Песнь крови - Энтони Райан
Шрифт:
Интервал:
Закладка:
Разразилась буря, подобной которой не видывали ни прежде, ни потом. Возвестили о ней пепельно-серые тучи, что закрыли все небо с севера до юга, с запада до востока, и принесли с собой ветер и дождь в ужасающем изобилии. В течение трех недель хлестал дождь и дул ветер, а крестьяне ежились в пугливом ожидании, и вот, наконец, когда буря улеглась, они решились выйти на поля и увидели, что урожай погиб весь, до последнего акра. Единственное, что им предстояло пожинать в этот год – это голод.
Они направились в лес, надеясь набить животы хотя бы дичью, однако обнаружили, что все зверье разбежалось, изгнанное Темными нашептываниями ведьмы. Детишки плакали оттого, что были так голодны, старики болели и один за другим уходили Вовне, а ведьма все это время таилась в своей хижине в лесах, ибо у нее-то с ее ублюдком еды было всегда вдоволь: неосторожные звери легко попадались в тенета, раскинутые Тьмой.

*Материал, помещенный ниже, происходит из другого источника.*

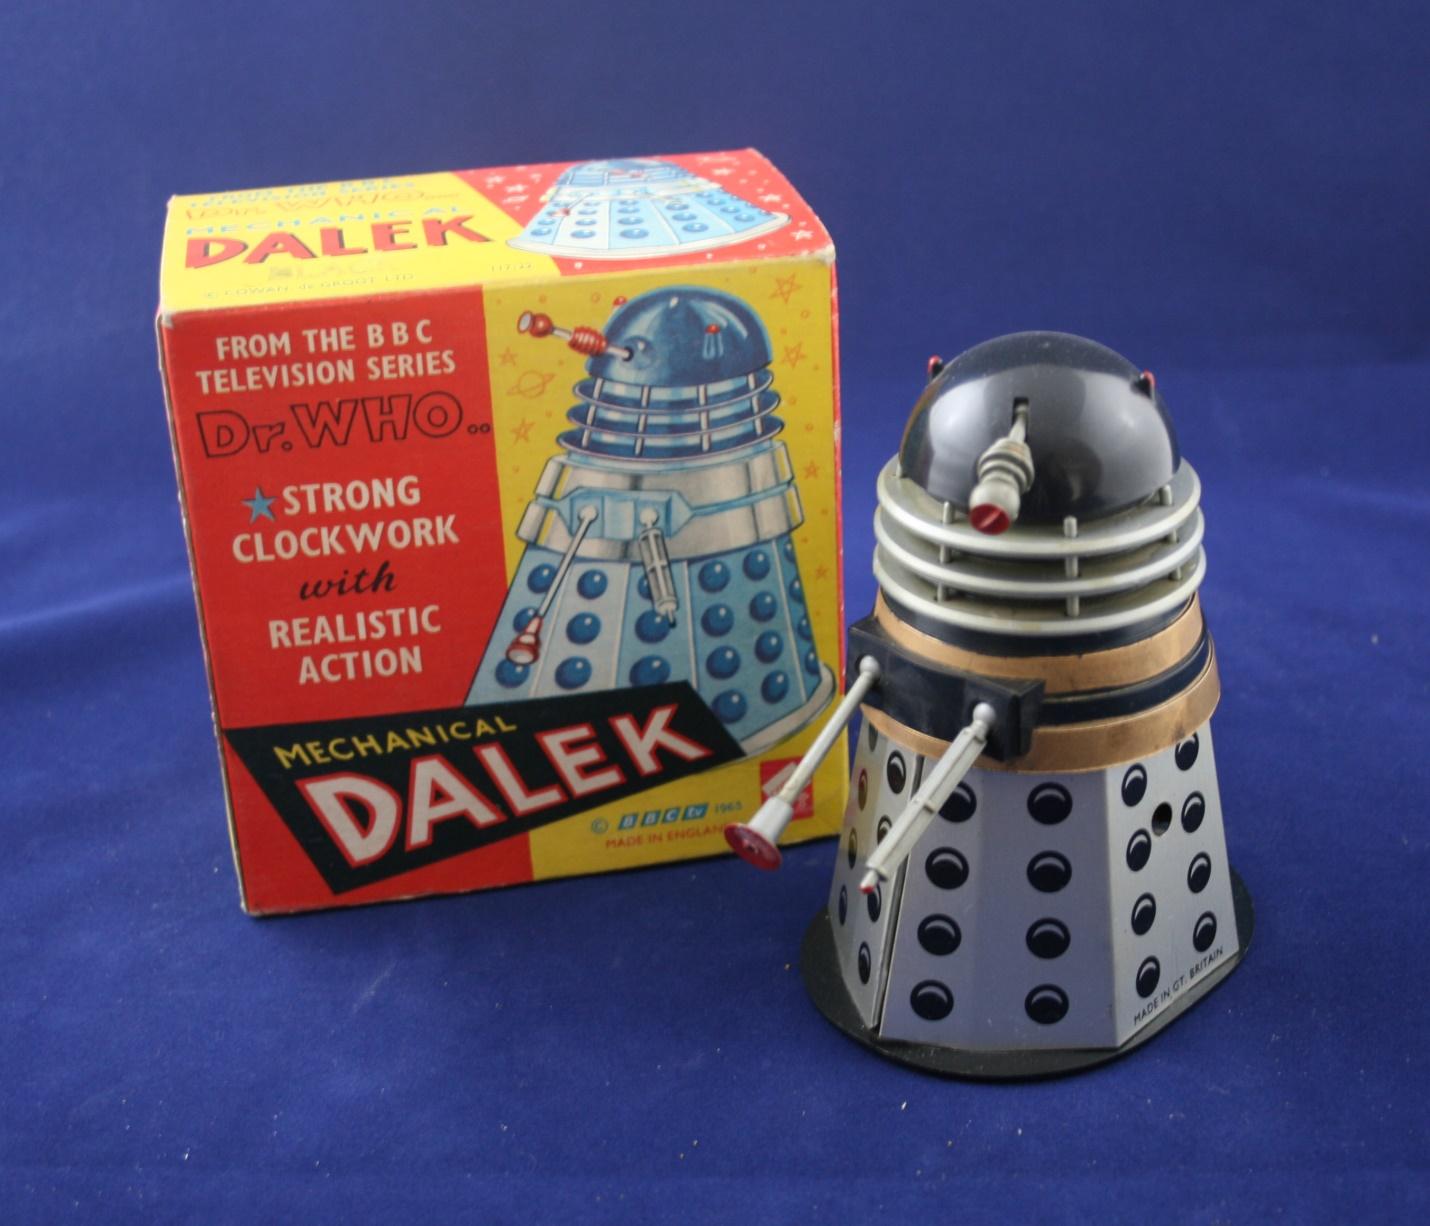 Codeg Toys, Black Mechanical Dalek, from Cowan, de Groot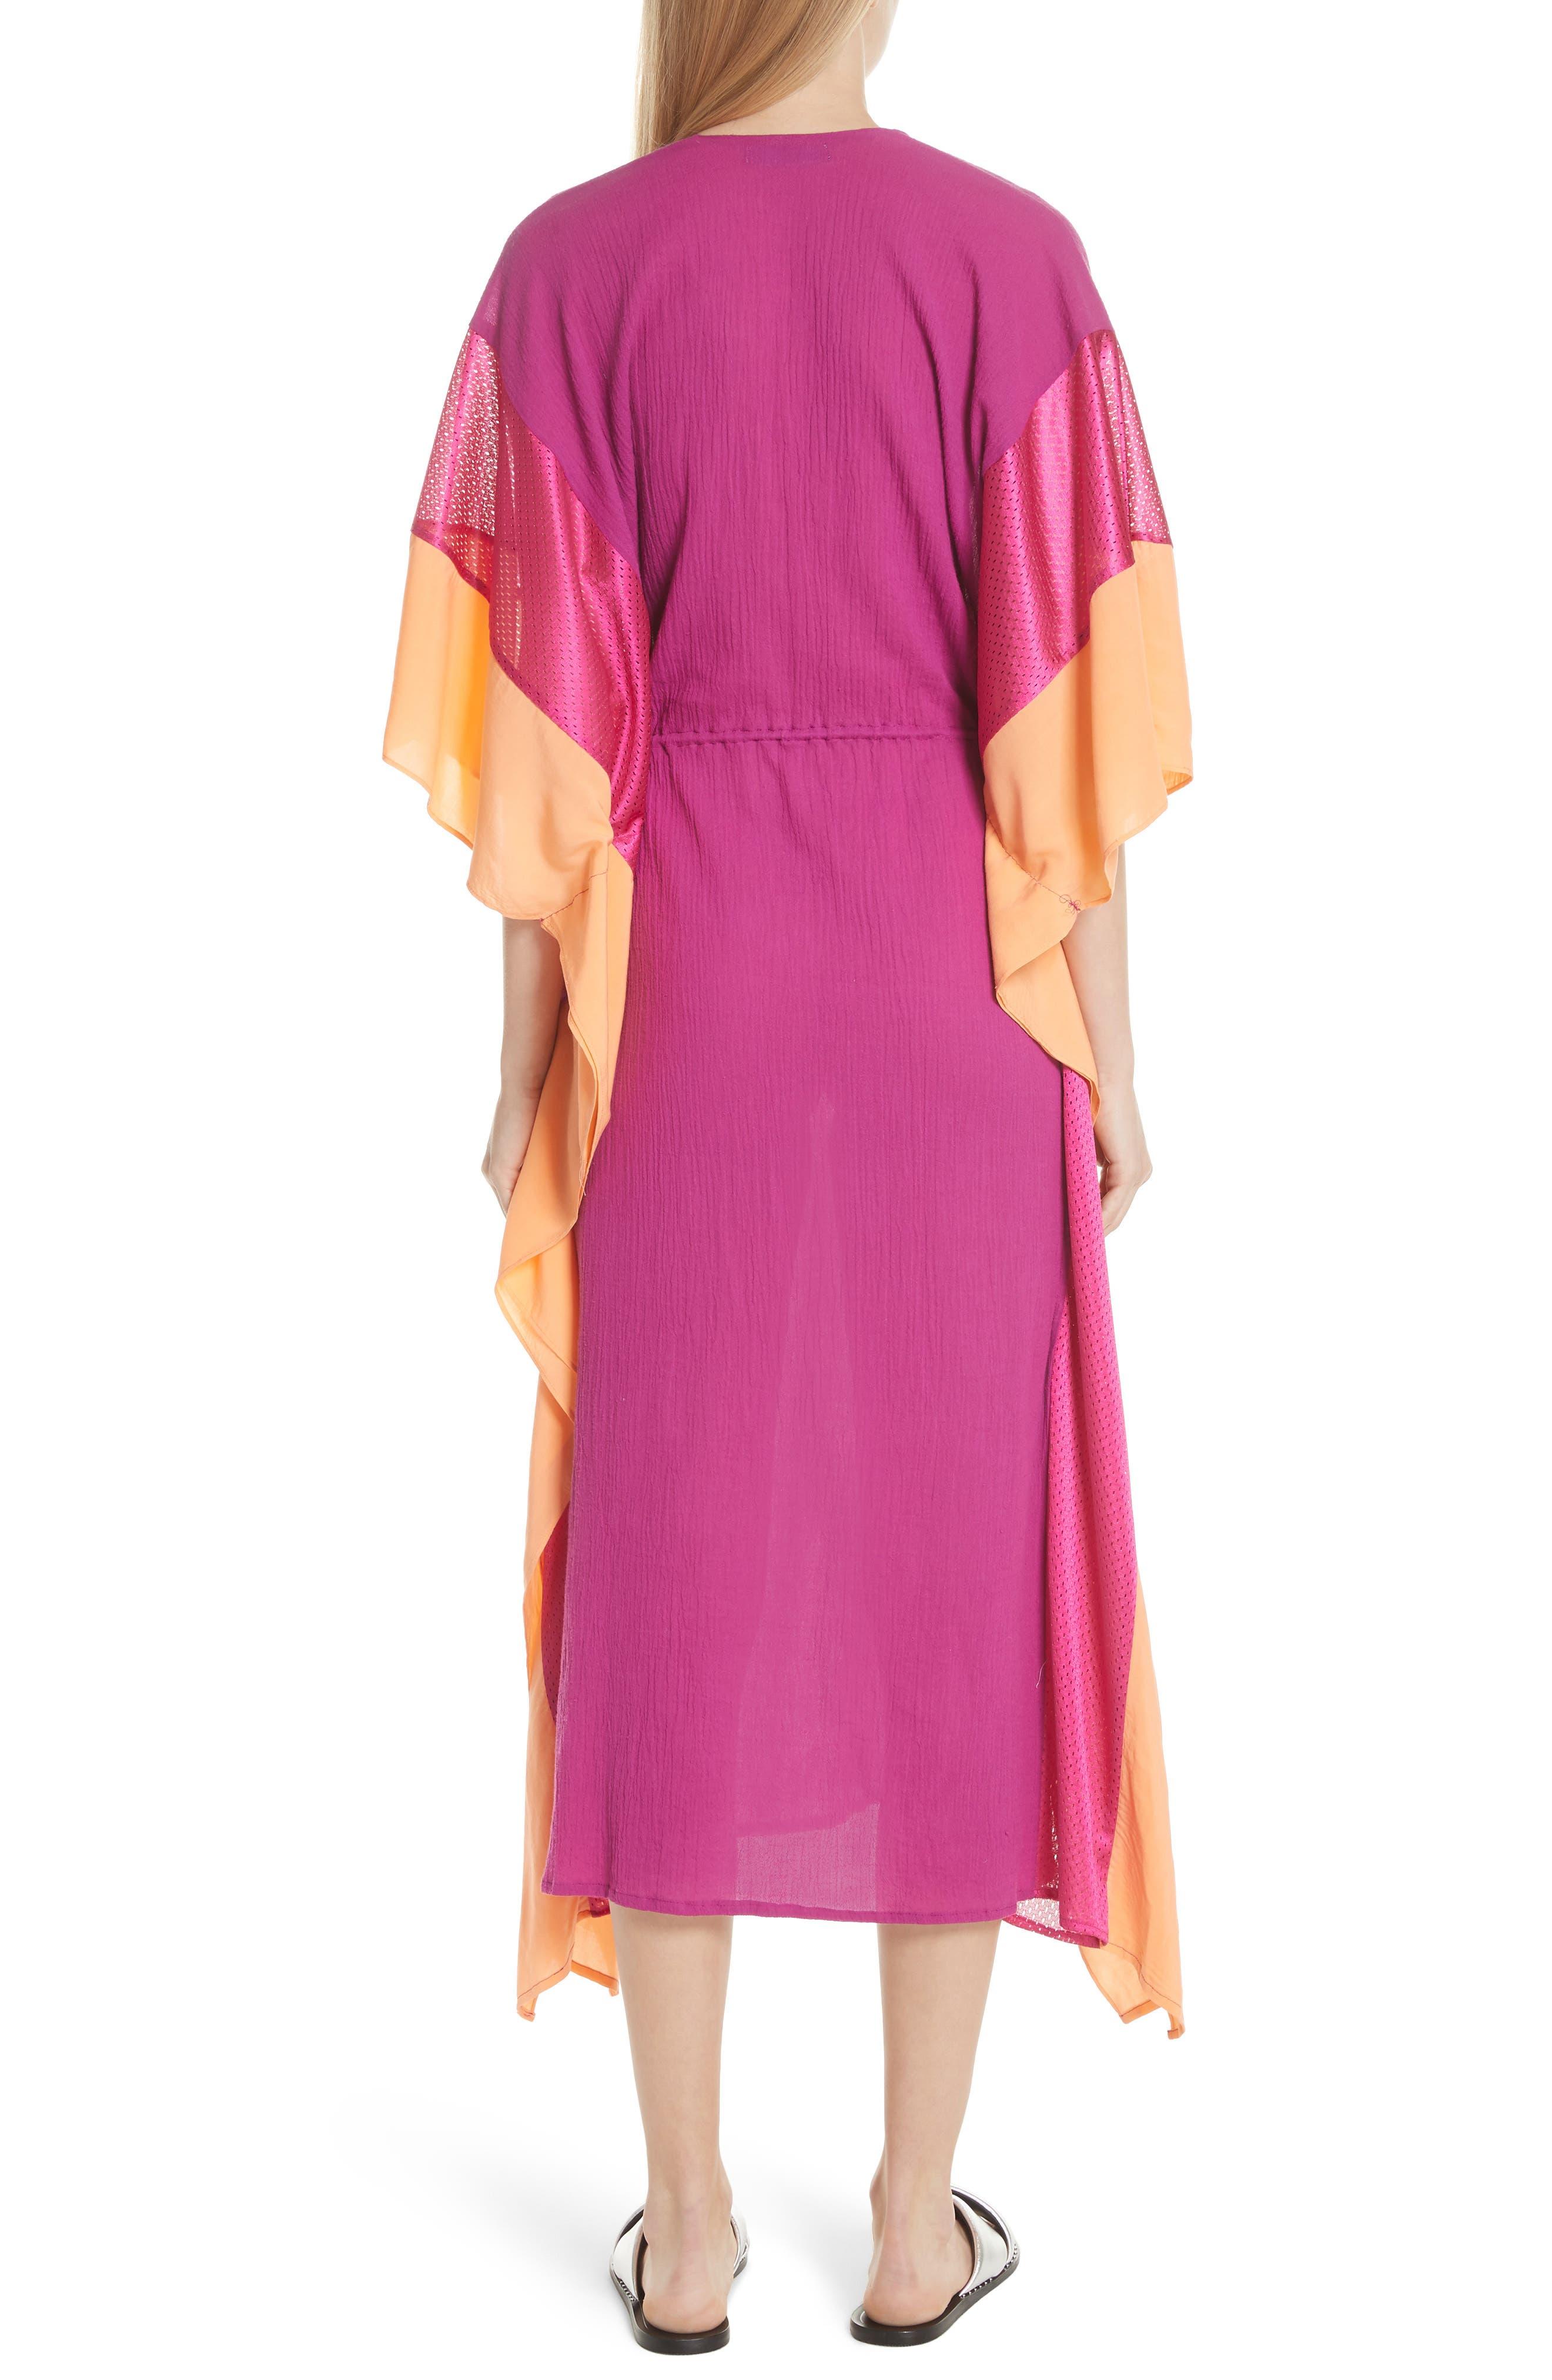 Sun Dance Caftan Dress,                             Alternate thumbnail 2, color,                             Magenta/ Orange

И лишь кончина возлюбленной матушки кузнеца наконец-то исторгла из него истину. Он во всем покаялся перед собравшимися жителями деревни, поведав им о замыслах ведьмы и о том, как он поддался ее чарам и породил откормленного ублюдка, с которым она бродила по лесам, дразня их умирающих с голоду детей его радостным смехом. Крестьяне проголосовали и порешили единогласно: ведьму надобно изгнать!
Поначалу она пыталась использовать свою силу, чтобы их переубедить. Она пыталась оболгать кузнеца, обвиняя его в ужаснейшем преступлении: изнасиловании. Но ее сила не помогла теперь, когда они видели правду, теперь, когда они слышали, сколько яда во всей той лжи, что она им рассказывает, как злобно сверкают ее глаза, выдавая гнусность, что прячется за смазливым личиком. И вот они с пылающими факелами прогнали ведьму прочь, и хижина ее сгорела от их праведного гнева, сама же ведьма бежала в леса, прижимая к груди своего гадкого пащенка, и наконец-то бросила притворяться и прокляла их… и обещала отомстить.
И вот, когда крестьяне вернулись по домам и принялись, как могли, переживать надвигающуюся зиму, ведьма отыскала себе логово в темной чаще леса, там, где прежде не ступала нога человека, и принялась обучать свое отродье Тьме.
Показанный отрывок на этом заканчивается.